| Exercise details |
Each line from the one containing "Molte delle sostanze" to the end of the data must be copied exactly, the first and last included; no other lines and no pictures belong in the copy.

Data items
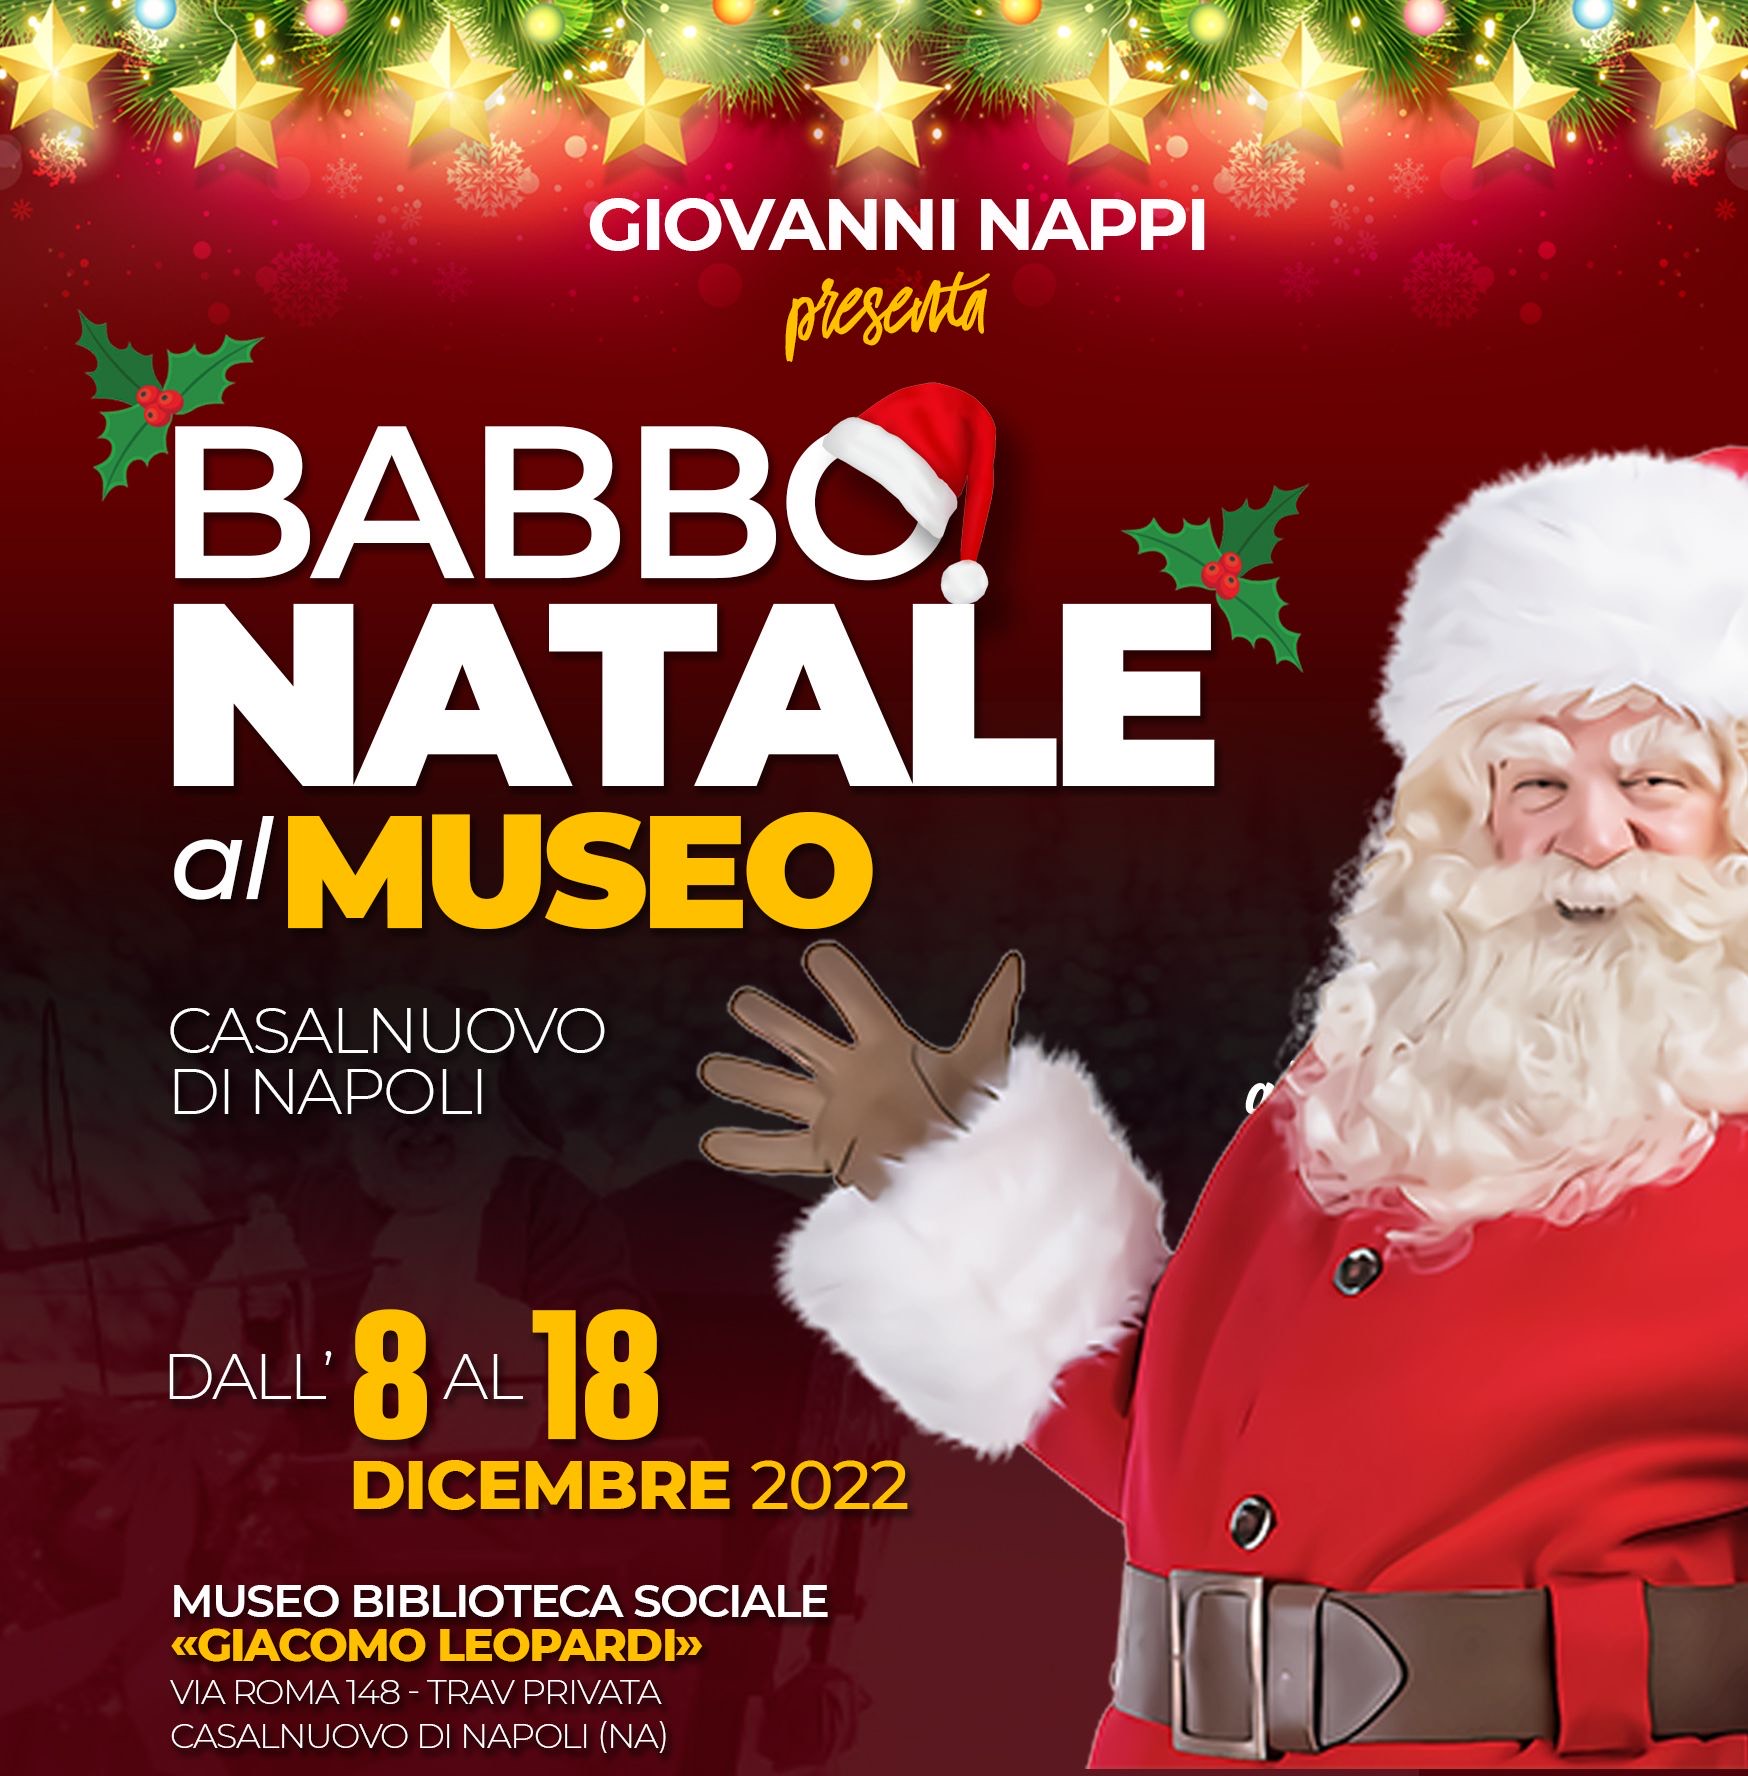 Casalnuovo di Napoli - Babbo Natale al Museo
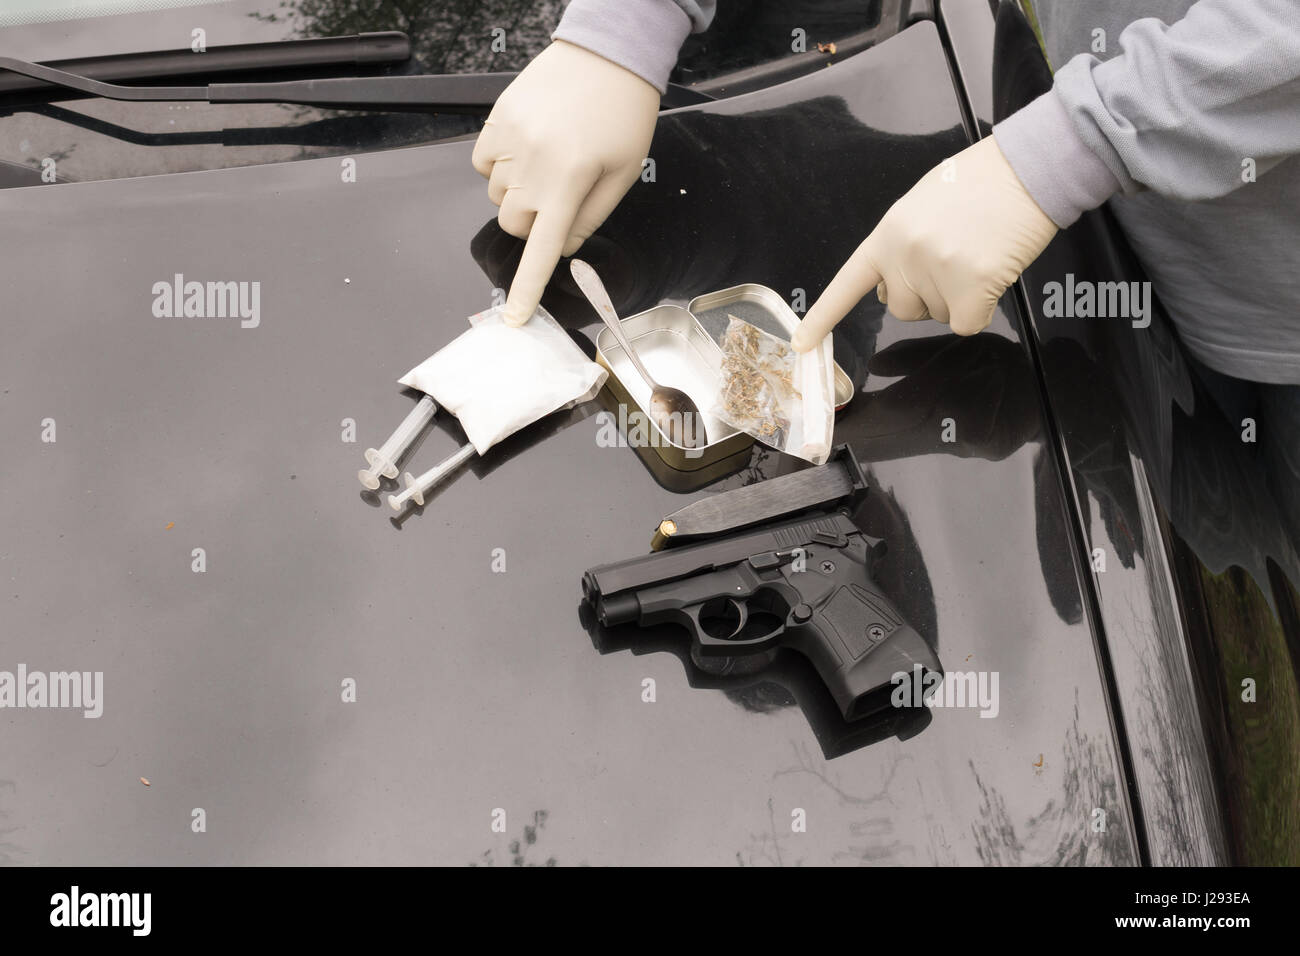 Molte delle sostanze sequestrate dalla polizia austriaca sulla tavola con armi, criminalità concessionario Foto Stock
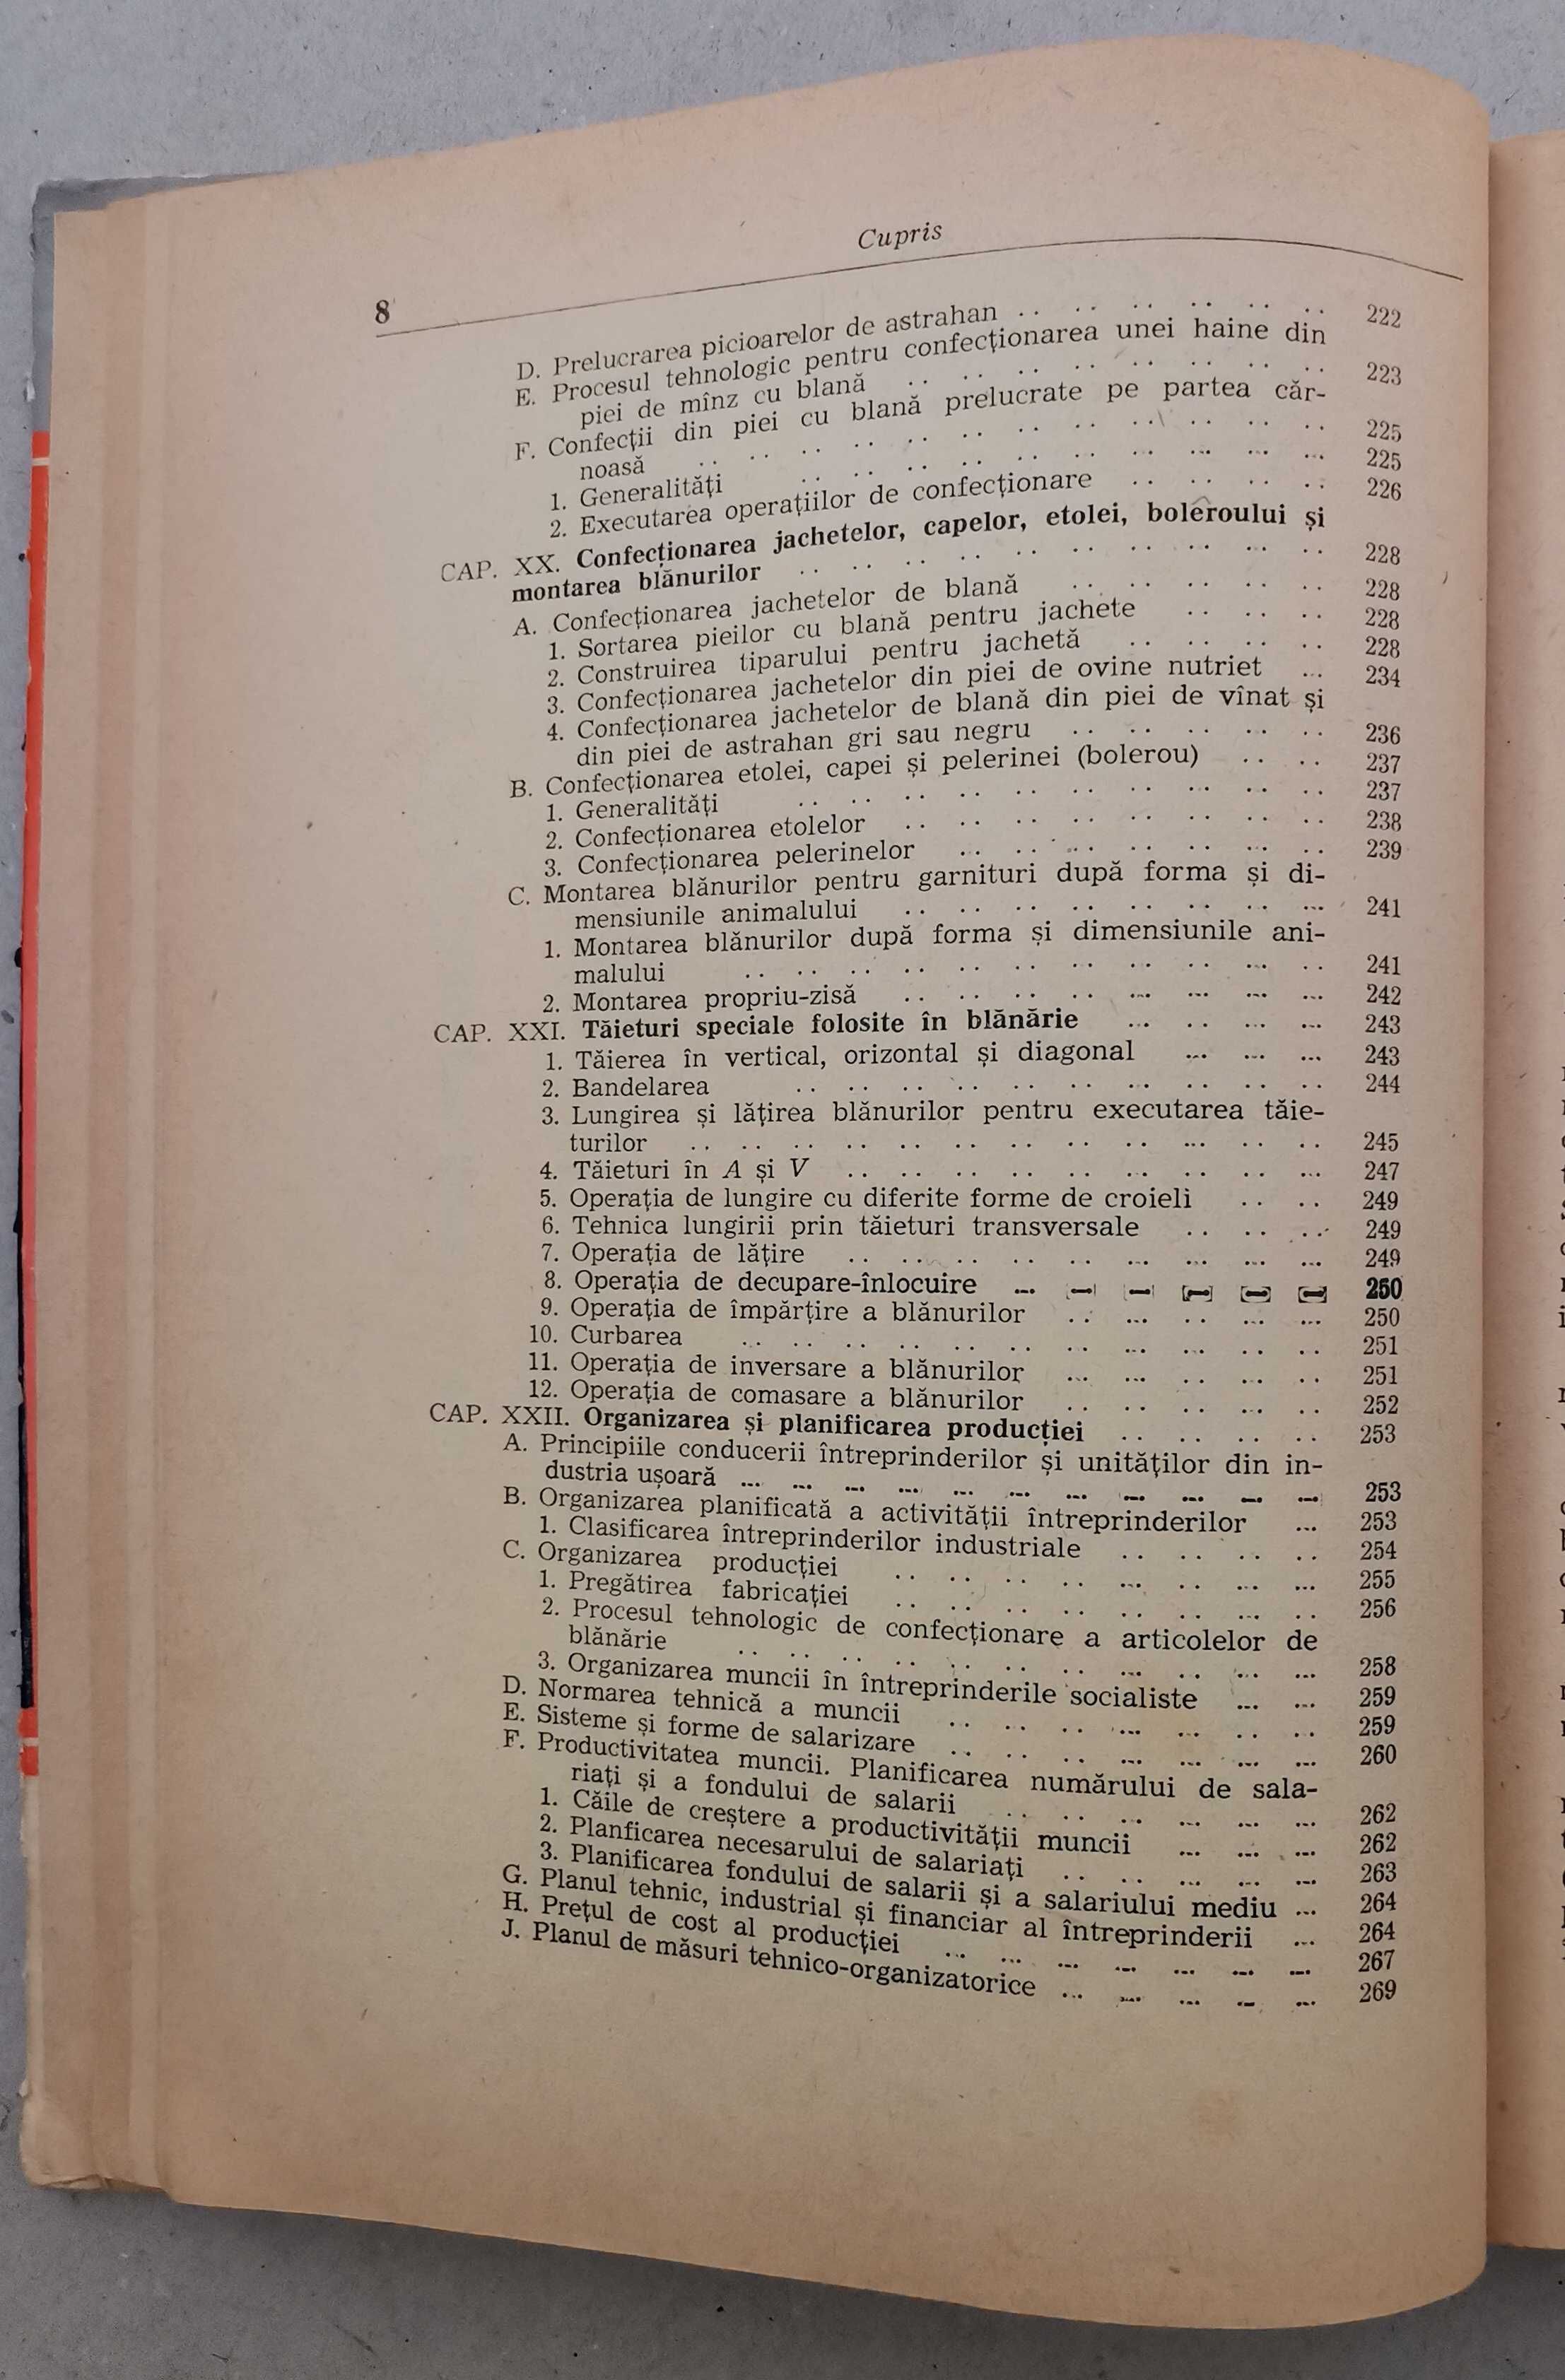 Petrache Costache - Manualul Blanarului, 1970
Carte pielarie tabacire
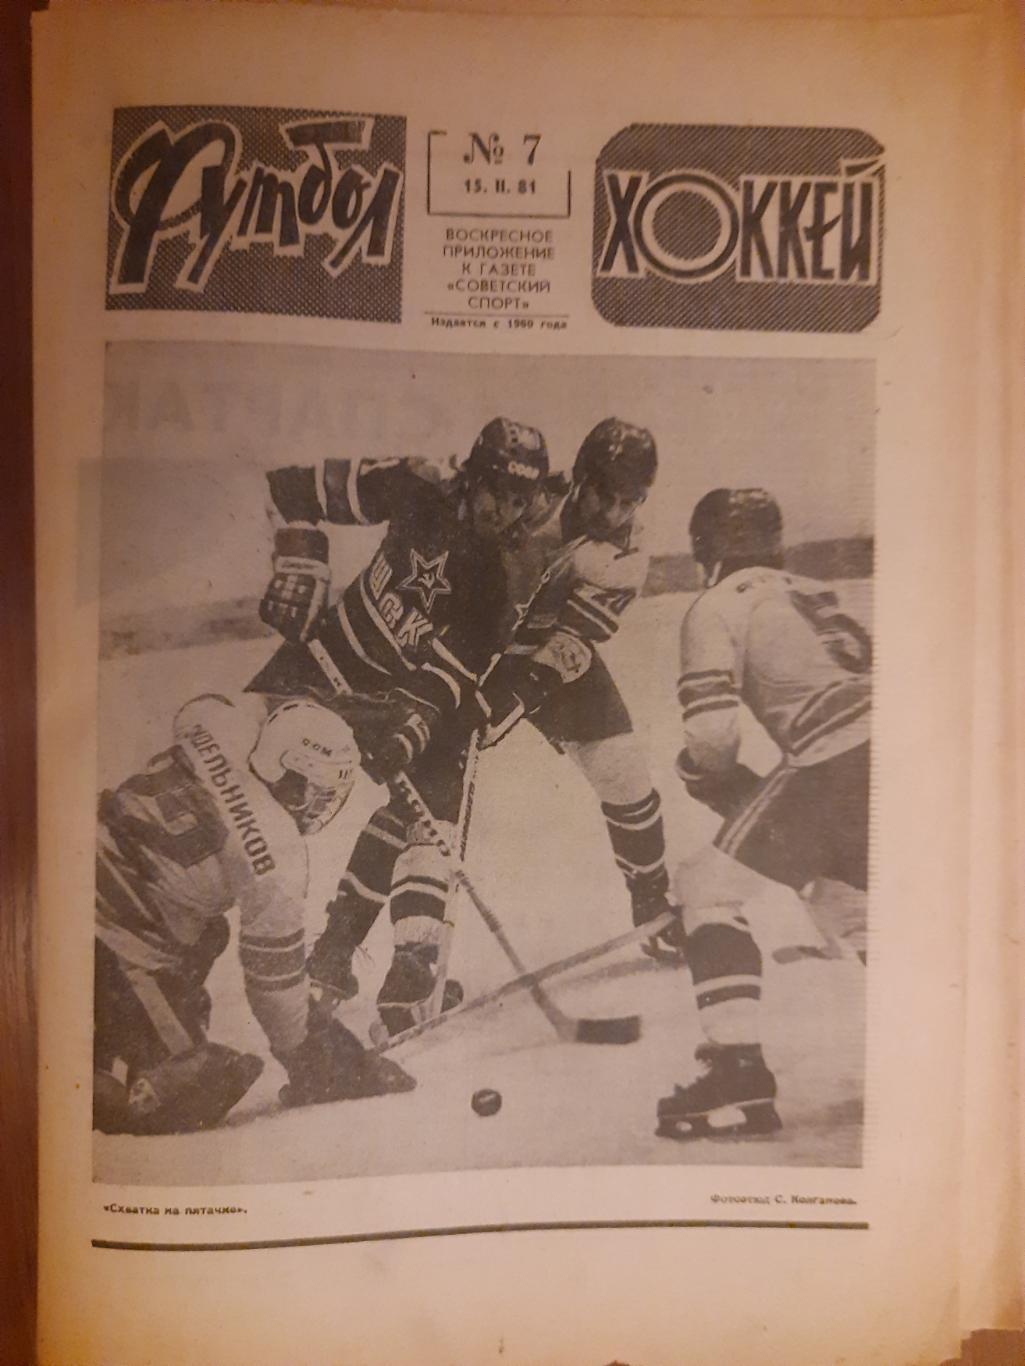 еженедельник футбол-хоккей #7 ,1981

| Solution to this exercise |
 Molte delle sostanze sequestrate dalla polizia austriaca sulla tavola con armi, criminalità concessionario Foto Stock
 Petrache Costache - Manualul Blanarului, 1970
Carte pielarie tabacire
 еженедельник футбол-хоккей #7 ,1981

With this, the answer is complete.